«La position de la Suisse va sûrement miner les relations sino-helvétiques.» Voilà comment la Chine a réagi jeudi, par la voix du porte-parole du Ministère des affaires étrangères, à la décision du Conseil fédéral d’accueillir deux Ouïgours de Guantanamo à titre humanitaire. Elle va jusqu’à demander à Berne de revenir sur sa décision. Ma Zhaoxu a tenu ces propos lors d’un point presse à Pékin sans pour autant évoquer de sanctions précises. Le choix du Conseil fédéral va-t-il peser sur les négociations en vue d’un accord de libre-échange entre les deux pays? Rien ne permet pour l’instant de l’affirmer.

Ralentir, voire geler, le dossier? «Tout cela relève de la pure spéculation! On ne sait pas pour le moment quel est le degré d’importance accordé par les autorités centrales chinoises à ce dossier. Il est trop tôt pour connaître leurs réactions», réagit Gérald Béroud. Le responsable du site SinOptic (Services et études du monde chinois) rappelle par ailleurs que les relations avec la Chine ne s’arrêtent pas aux liens économiques. «Elles vont du dialogue dans le domaine des droits de l’homme initié en 1991 à la formation des fonctionnaires supérieurs chinois, des collaborations en matière de développement durable, d’environnement urbain, à une foule de partenariats et d’échanges, tant du public que du privé, venant de grandes organisations ou d’individus. Toutes ces collaborations et contacts pourraient être mis sur la sellette», ajoute-t-il.
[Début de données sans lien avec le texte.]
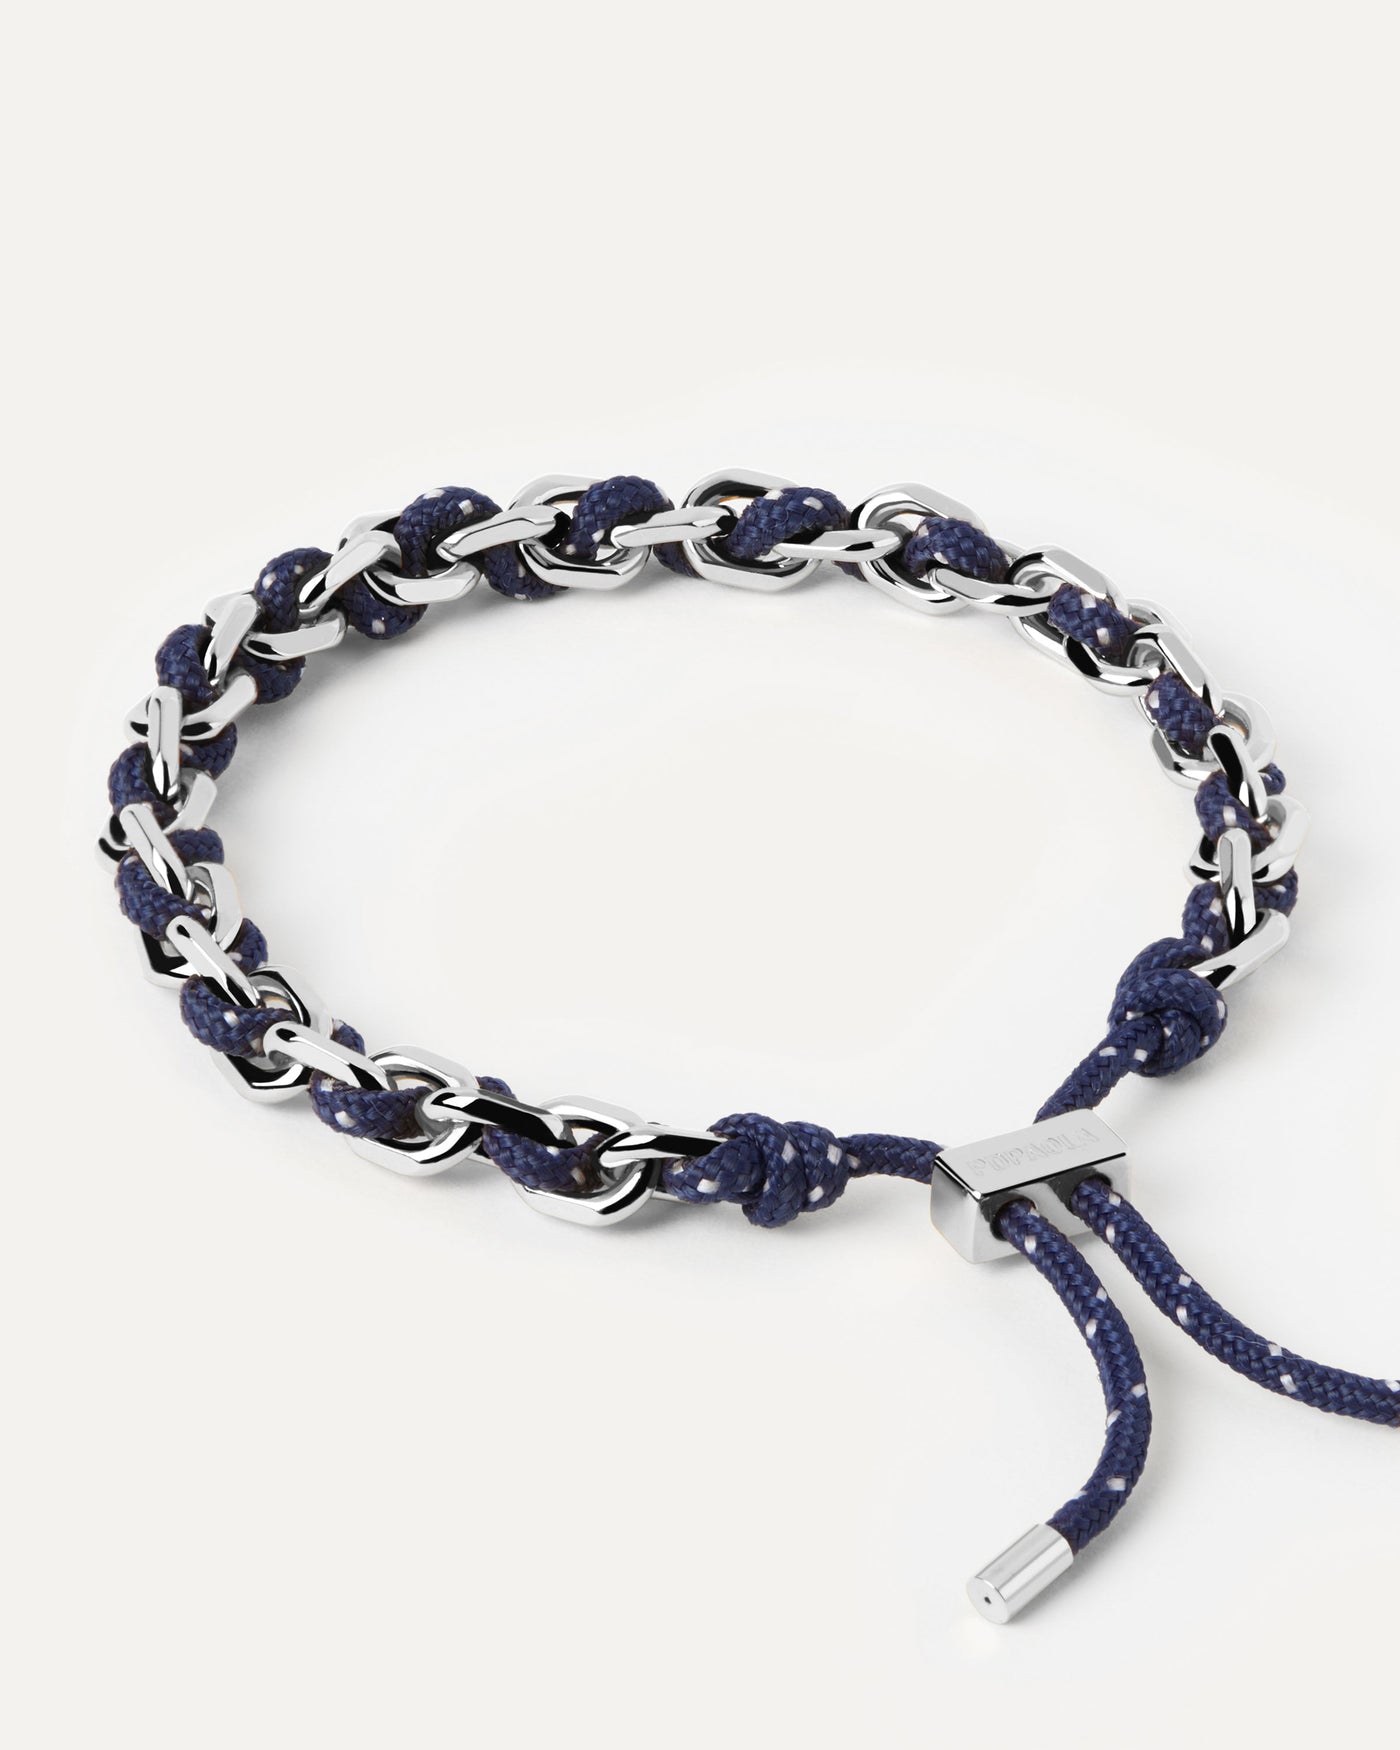 2023 Selection | Midnight Rope and Chain Silver Bracelet. Silver chain bracelet with a navy blue rope adjustable sliding clasp. Get the latest arrival from PDPAOLA. Place your order safely and get this Best Seller. Free Shipping.
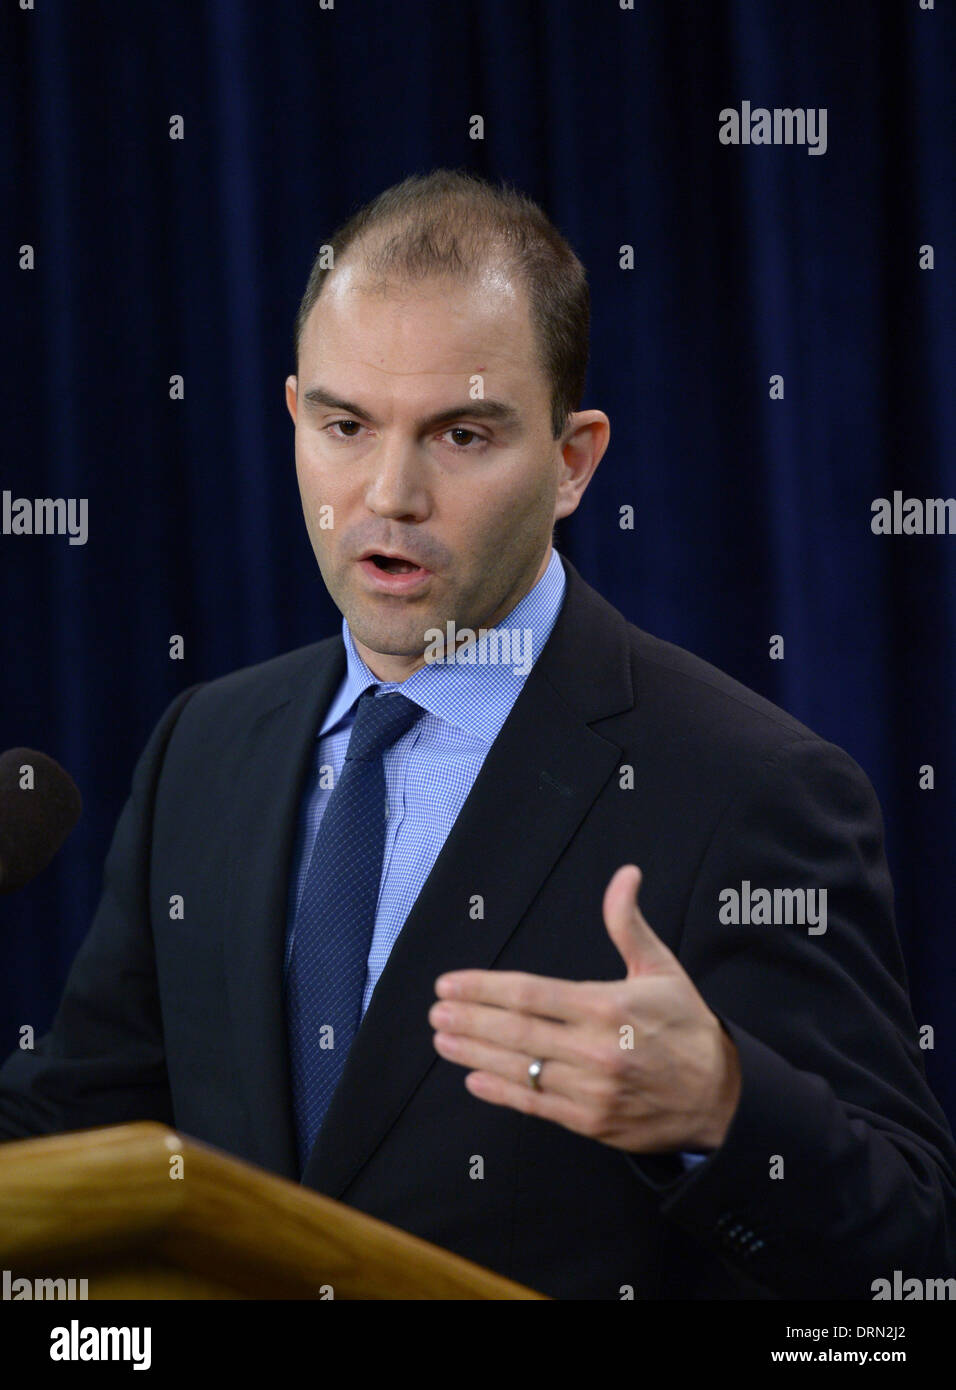 Washington DC, USA. 29th Jan, 2014. White House Deputy National Security Advisor for Strategic Communications Ben Rhodes speaks during a briefing on 2014 Foreign Policy Priorities for the Obama Administration at the Foreign Press Center in Washington DC, the United States, Jan. 29, 2014. Credit:  Yin Bogu/Xinhua/Alamy Live News Stock Photo

Conscient qu’il allait devoir affronter la colère chinoise, Berne a pris les devants jeudi matin. Il a dépêché son ambassadeur en Chine, Blaise Godet, au Ministère des affaires étrangères pour expliquer la décision suisse avant même qu’il soit convoqué. Le 18 décembre, l’ambassadeur de Suisse en Chine avait réagi par le biais d’une lettre lorsque le canton du Jura avait fait savoir qu’il était prêt à accueillir les deux frères appartenant à la minorité musulmane du pays. Pékin avait déjà manifesté son opposition lors d’une première réunion du groupe de travail sur l’accord de libre-échange.

Se contenter de l’Ouzbek

Bahtiyar et Arkin Mahnut sont retenus depuis huit ans à Guantanamo sans avoir été accusés ni condamnés. Les Américains ont reconnu en 2003 déjà les avoir arrêtés de manière arbitraire. Mais, pour Pékin, les sept Ouïgours encore détenus dans la base américaine à Cuba sont des terroristes et doivent être rapatriés en Chine. «Ces suspects ouïgours étaient membres de l’organisation terroriste du Mouvement islamique du Turkestan oriental», a déclaré Ma Zhaoxu jeudi. «Ils figurent sur une liste onusienne. En tant que membre de l’ONU, la Suisse doit assumer ses responsabilités.» Mercredi, Eveline Widmer-Schlumpf a au contraire insisté sur le fait que ni les informations fournies par les Américains ni celles recueillies par les experts suisses ne permettaient de penser qu’ils ont le moindre lien avec une organisation dangereuse.

Dans une interview au Tages-Anzeiger, Uli Sigg, ancien ambassadeur de Suisse en Chine et grand connaisseur du pays, n’hésite pas à critiquer la décision du Conseil fédéral. Il laisse entendre que l’accueil des Ouïgours est inutile, la Suisse n’ayant rien à espérer des Etats-Unis. La Suisse a par ailleurs déjà tenu ses engagements en accueillant un Ouzbek retenu de façon arbitraire à Guantanamo, rappelle-t-il. Fâcher la Chine avec cette nouvelle décision, même si les conséquences ne seront pas forcément importantes, aurait donc pu être évité. «Il y a vraiment d’autres moyens de prouver ses engagements humanitaires», dénonce Uli Sigg.